Dans le prologue de Frederic Chaume, celui-ci avance, dès le titre, que les modes de traduction ne seraient pas simplement deux modes de visionnement d’un film, mais plutôt le visionnement de deux films très différents. Cette question, sans être nouvelle (voir notamment Pettit 2004 ou Ramière 2004), demeure essentielle et pique l’intérêt du lecteur.

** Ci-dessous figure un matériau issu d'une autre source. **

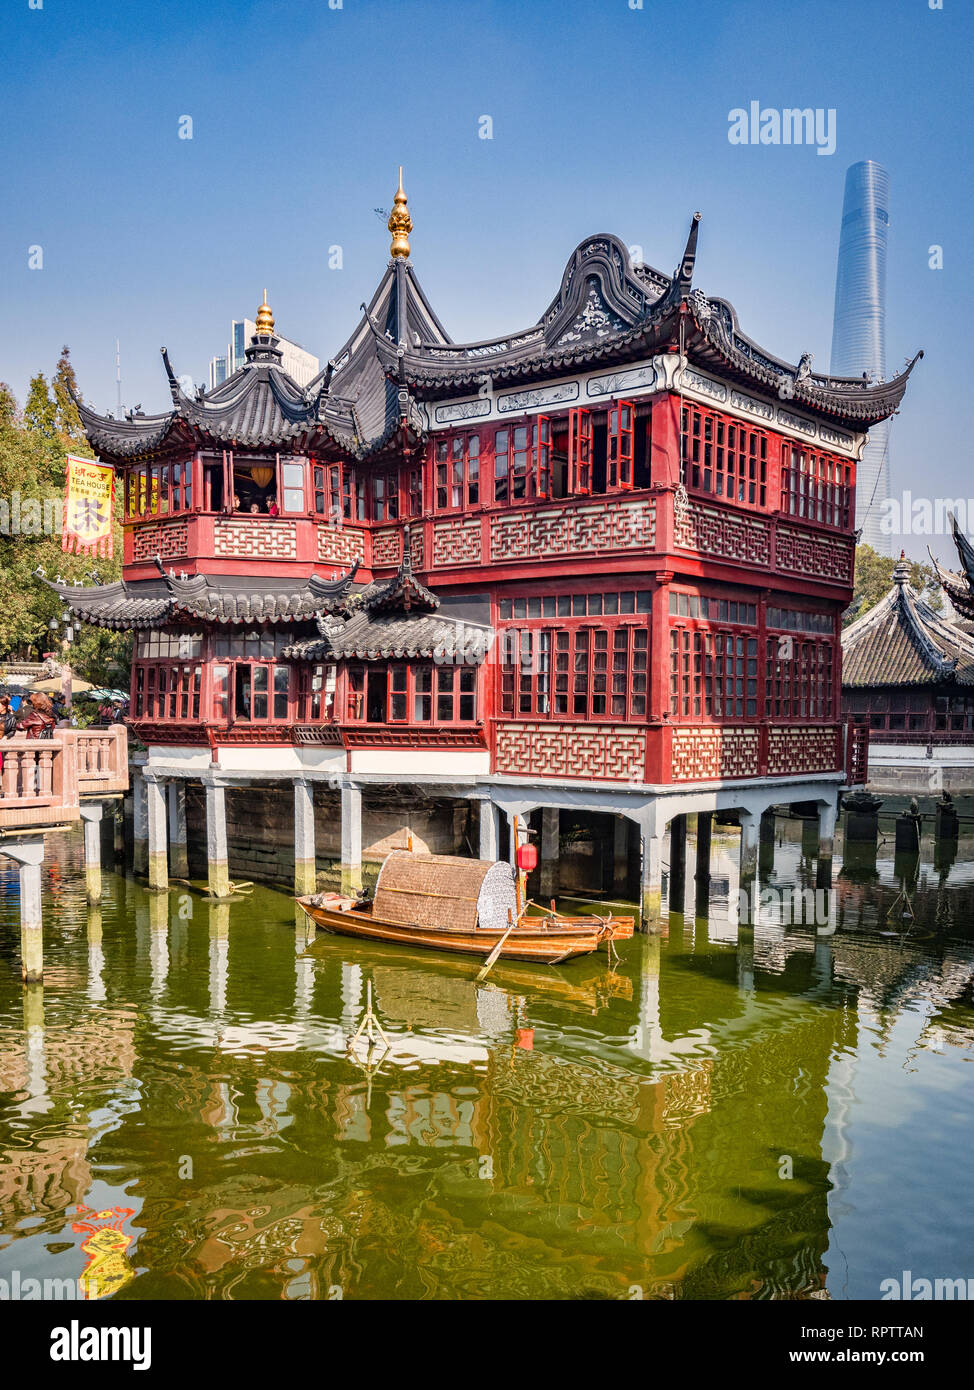 29 November 2018 - Shanghai, China  -  The Huxinting Tea House and Nine Turn Bridge in the Yu Garden area of the Old Town, Shanghai Stock Photo

Dans l’introduction, Martí Ferriol décrit son amour du cinéma indépendant, l’ayant poussé à étudier plus précisément ce genre filmique. Il souligne entre autres que l’un des avantages du genre est que les films indépendants bénéficient souvent de deux traductions avant même leur sortie en DVD. En effet, ils sont dans un premier temps sous-titrés et destinés plutôt à une clientèle « d’intellectuels ». Or, cette élite, plus éduquée, premièrement, ne rechigne pas à lire les sous-titres[1] et, deuxièmement – l’anglais ayant quasiment un statut de lingua franca – pourrait fort bien comprendre la version originale sans avoir besoin des sous-titres. Par la suite, certains de ces films indépendants retiendront l’attention d’une plus grande frange du public, notamment s’ils gagnent des prix dans des festivals prestigieux (ce qui est le cas de tous les films du corpus[2]), et bénéficieront d’une seconde traduction, cette fois-ci par doublage. En somme, en étudiant les films indépendants, le mode de traduction n’est pas le seul élément qui change : le public visé devrait être pris en compte, ce qui n’est pas le cas ici. L’hypothèse de base, qui est d’affirmer que l’on traduit différemment en sous-titrage qu’en doublage (vérité de La Palisse s’il en est, ne serait-ce que par les contraintes techniques) est donc mise à mal, vu le corpus retenu. Il nous semble que les blockbusters américains, par exemple, auraient été un meilleur choix pour étudier l’impact du mode de traduction, à l’exclusion de tout autre facteur.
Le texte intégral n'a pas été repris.